Tuesday, September 6, 2016

Linton Hall's Precursor, St. Joseph Institute, in 1922 Had Flies, Bedbugs, Lice, a Typhoid Fever Outbreak ... Plus a Fake Priest Having "Relations" With a Sixteen-Year-Old Girl


A scathing report by Joseph Tobin, O.S.B. written on August 4, 1922, described extremely filthy conditions at Saint Joseph Institute, the boys' boarding school run by Benedictine priests and brothers in Bristow, Virginia.

Frater Tobin, an undercover investigator sent by Abbot Leo Haid, O.S.B., of Belmont Abbey, N.C., described a deplorable lack of hygiene, with bedbugs, lice, and a refectory "infested with flies." His report also stated that a water inspector had forbidden use of well water for drinking,, and that the outhouse had not been cleaned in two years.

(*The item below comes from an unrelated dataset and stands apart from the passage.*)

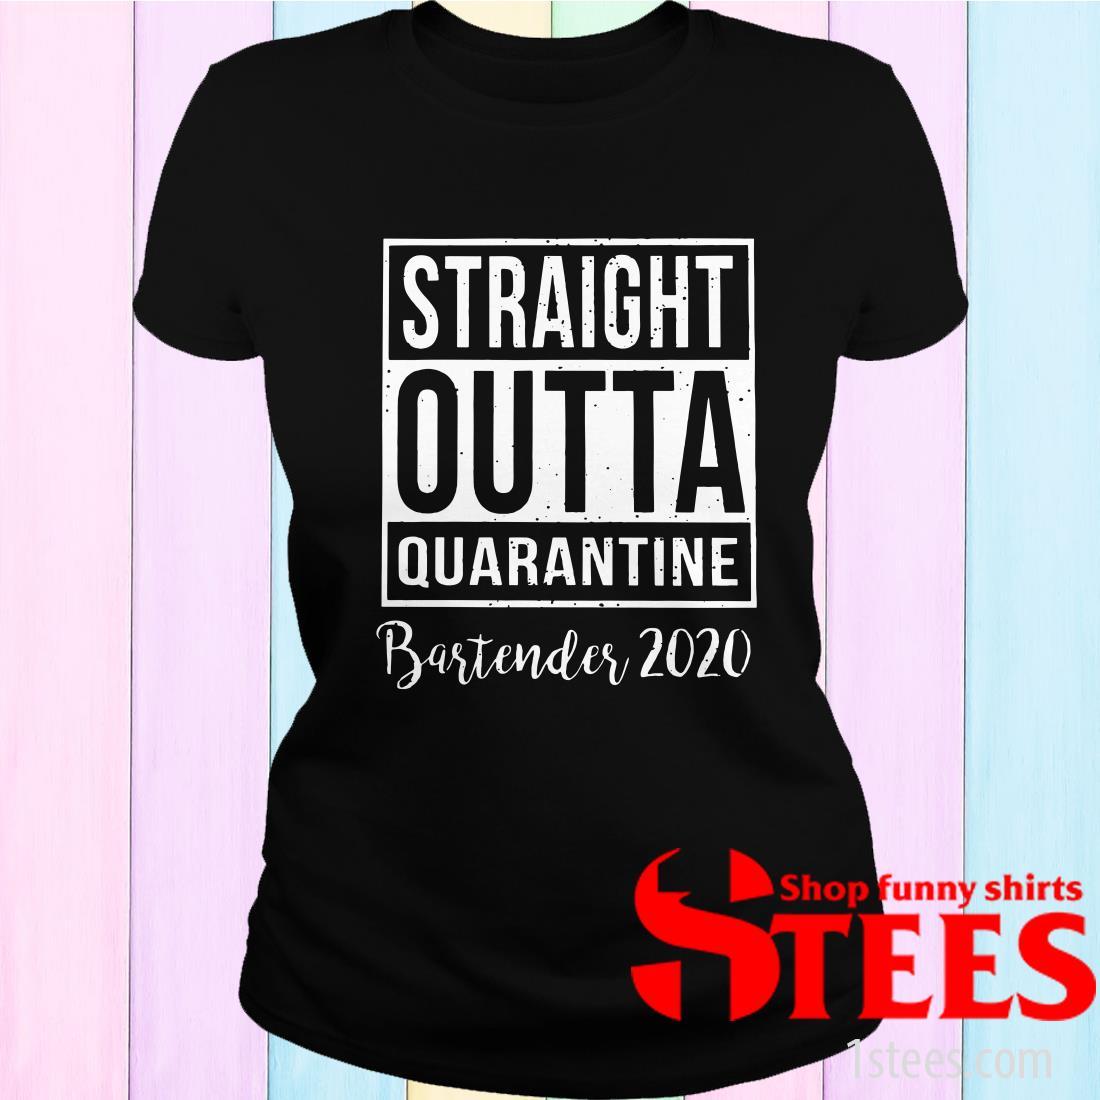 2020 Straight Outta Quarantine Bartender Women's T-Shirt

A doctor and nurse inspected the premises and threatened to condemn the whole institute. (Note 1)

The lack of hygiene had resulted in an outbreak of typhoid fever, with five boys who had stayed over the summer ending up bedridden, and at least two of them, the Barnes brothers, critically ill. Their mother was not informed of her sons' illness for eight days, and when she arrived she found her sons with

"temperature[s] running at that time 105 [degrees] ... just covered with flies, lice and bedbugs ..."

Mrs. Barnes had her sons transferred to a Washington, D.C. hospital. It is not known whether they recovered. (Note 2)

Frater Tobin's report also confirmed concerns raised by both Mr. Barnes an by Mrs. Keane, a nurse hired to take care of the ill boys, that Denis Smith, who passed himself off as a priest, but who was not, had been taking "liberties" with the 16-year-old daughter of a woman working as a cook at the Institute. (Note 3)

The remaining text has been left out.